Without the spatial sound field generated by the speaker and room
together we have no illusion of a three-dimensional soundstage
since the stereo recoding lacks this information. The sound stage
generated by the speaker and the room has nothing to do with what's
recorded, it is just an illusion generated in a particular room by
a particular speaker and it will change completely if the speaker
is moved to another room.
[0038] The second problem with stereo has its roots in the same
lack of spatial information within the recoding and reproduction
chain. A recording engineer would not place a recoding microphone
at a typical listening position in a concert hall. He would
invariably move the microphone much closer to the performers. If
the microphone was located out in the hall where the audience
usually sits the recording would sound excessively reverberant an
unnatural. This happens because the stereo recording fails to
capture the spatial information properties from the sound field in
the hall. It only captures the sound pressure level. A human
listener in the hall would capture all of the information, both
sound pressure and spatial, and would automatically use the spatial
information to focus his/her attention to the performers on stage.

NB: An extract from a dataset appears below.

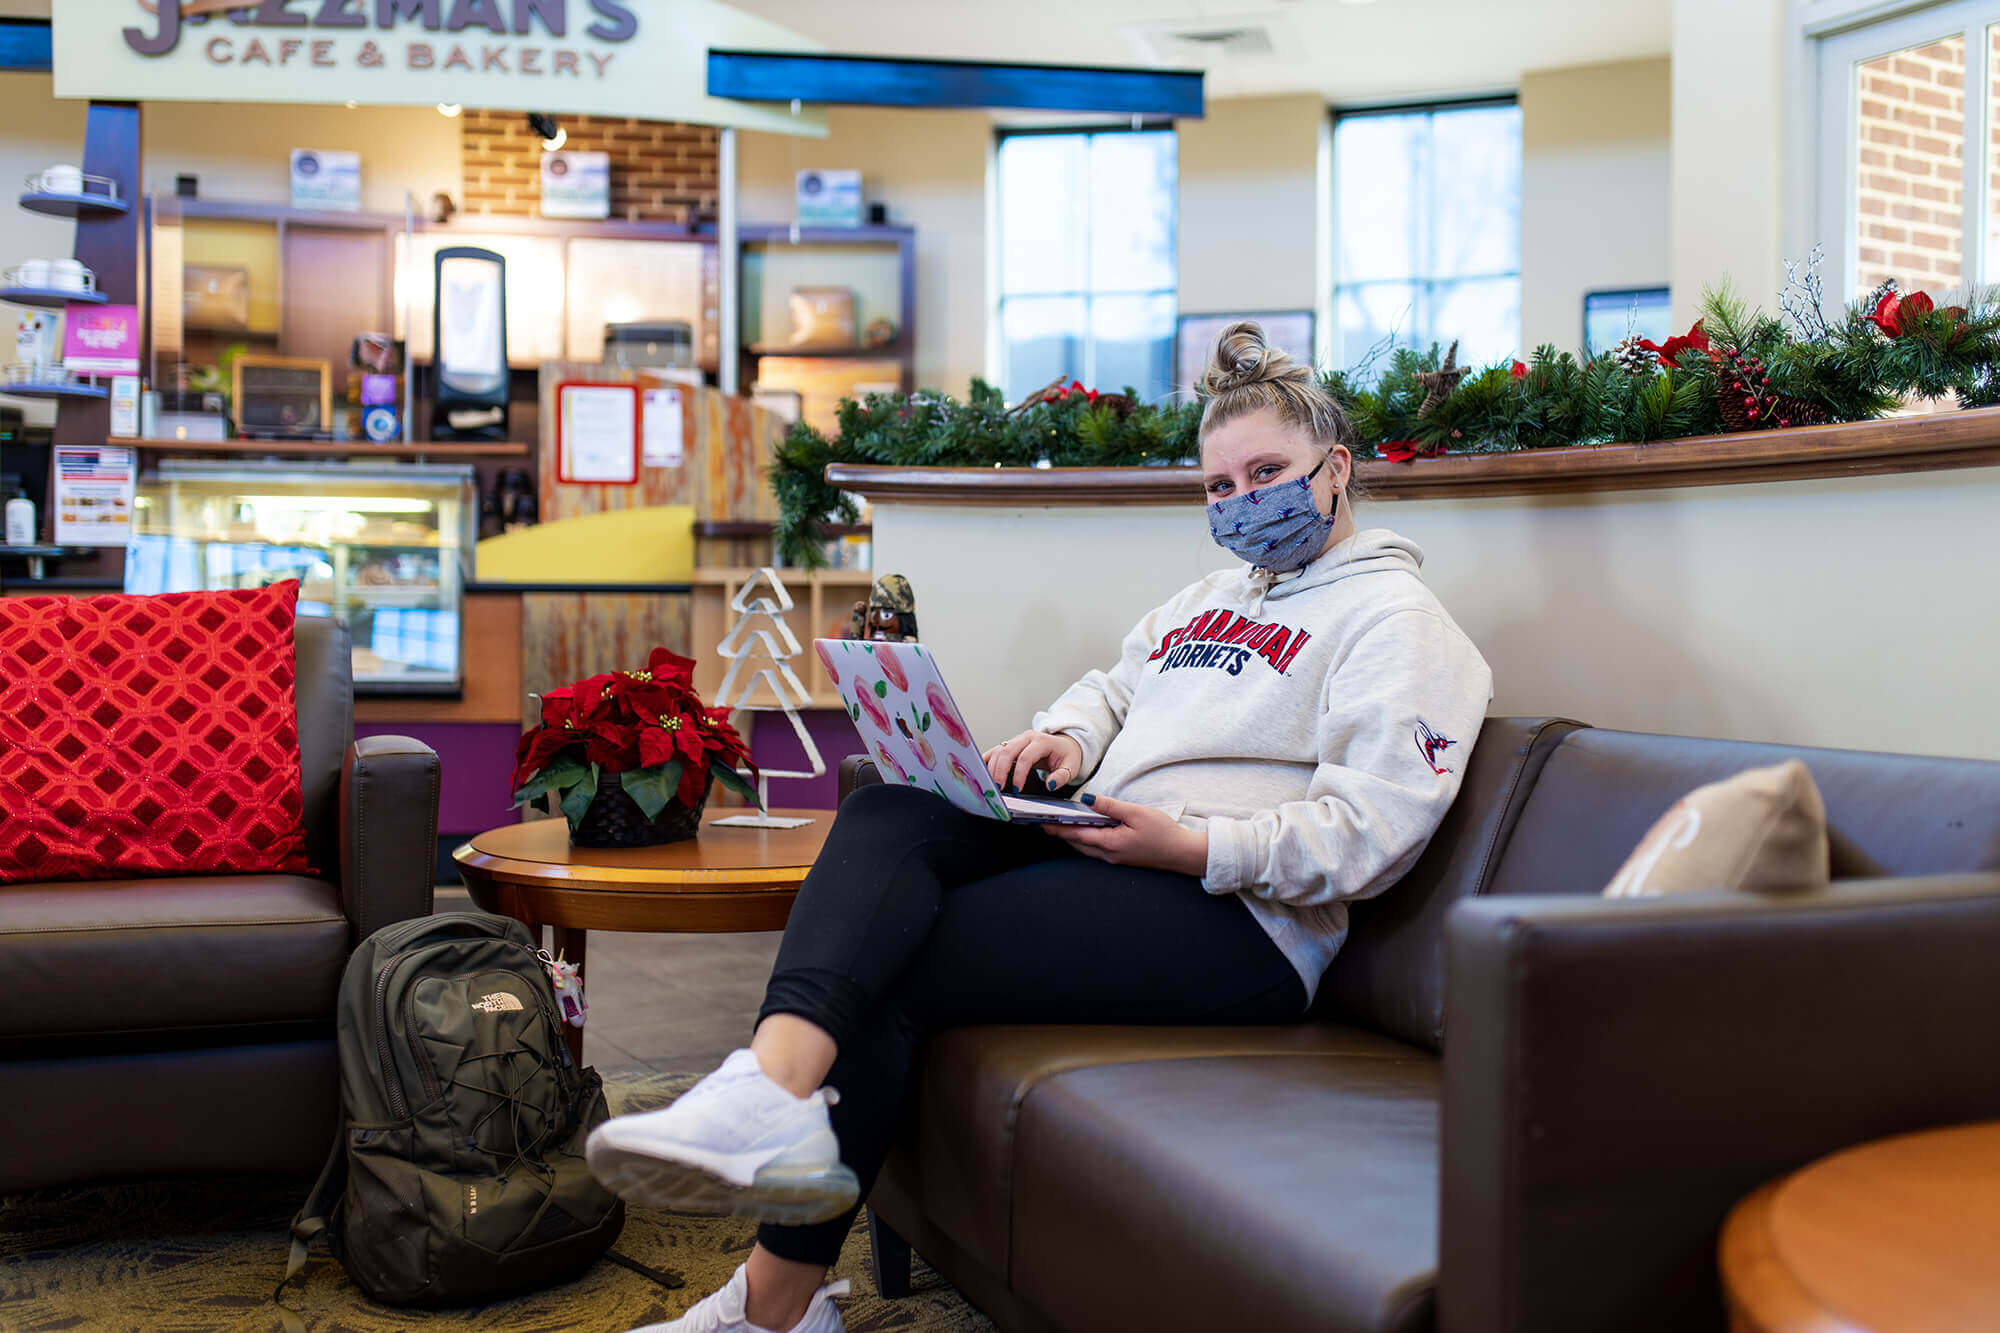 Sign up for Shenandoah’s First J-Term Online Courses Range from Medical Ethics to Marketing

The ambient sound field is reaching the listener from other
directions and is both perceptibly attenuated and observed
differently by the brain compared to the sound from the stage.
Since spatial information is missing from stereo recordings the
listener can't use any spatial information to decode it and
therefore if the recording was made at the listening position in
the hall it would be perceived as having copious amounts of
reverberant energy. The human brain uses both the spatial domain as
well as the sound pressure domain to understand and process the
sound environment.
[0039] Barron investigated the ratio between reflected energy and
direct energy and created a diagram that ranges from -25 dB to +5
dB (D/R) to cover any normal circumstances [1]. In a typical
shoebox concert hall at least half the seats have a D/R of -8 dB or
less [4]. In nearly all stereophonic recordings the D/R ratio is
never less than +4 dB, i.e. there is at least a 12 dB difference
between the recoding and the sound in the concert hall. This is
necessary since the recoding lacks spatial information and
listeners can't distinguish the reverberant field in the recording
from the direct sound. If the recoding contained as much
reverberant energy as present in the hall it would sound
disproportionately reverberant.
[0040] In summary, a stereophonic recording has at least 12 dB less
reverberant energy contained within it than the original and it
lacks any spatial information of the sound field.

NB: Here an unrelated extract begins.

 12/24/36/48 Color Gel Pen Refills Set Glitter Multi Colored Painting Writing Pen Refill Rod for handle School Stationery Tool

[0041] To make things worse the most common forward radiating
loudspeaker beams most of the sound energy directly towards the
listener and doesn't improve much on the lack of reverberant field
energy in the recoding. An omnidirectional speaker works much
better in this regard and as a result the three-dimensional sound
stage becomes more convincing. Unfortunately, the larger amount of
reverberant field energy in the listening room negatively
influences the perception of clarity, localization and the accuracy
of the tonal balance.
[0042] The reason is that there is only a small amount of time
delay between the direct sound and the reverberant
three-dimensional sound generated by the speaker and the room
together. In a typical listening room, the time difference between
the direct sound and the first reflected sound reaching the
listener is around 5 ms. This is the root of the problem, there
simply is not enough time for the listener to separate direct and
reverberant sound and hence the whole sound becomes clouded
congested, and imprecise [3].
[0043] Picture 2 diagram 3 illustrates the reverberant decay in a
stereo recording captured in the hall illustrated in Picture 1. A
difference between the recording and the hall shown in Picture 2
diagram 1 exist because as discussed above the recording engineer
had to move the microphone closer to the performer to balance the
stereo recording. Since the microphone now is much closer to the
performer the hall reflections are attenuated in relation to the
direct sound. Additionally, the recorded reflections are not
predominantly those of the main hall anymore but due to the
physically closer proximity of the adjacent surfaces in the stage
section those become dominant rather than the sparsely spaced
reflections in the main audience section of the hall. On the whole
it is rather obvious looking at the diagrams that the entire
captured reverberant field in the stereo recording is not very
similar to the naturally occurring field at the listening position
in the hall.
[0044] Picture 2 diagram 4 shows what happens when the recording
shown in Picture 2 diagram 3 is played back by the speakers and
room with a reverberant decay illustrated in Picture 2 diagram 2.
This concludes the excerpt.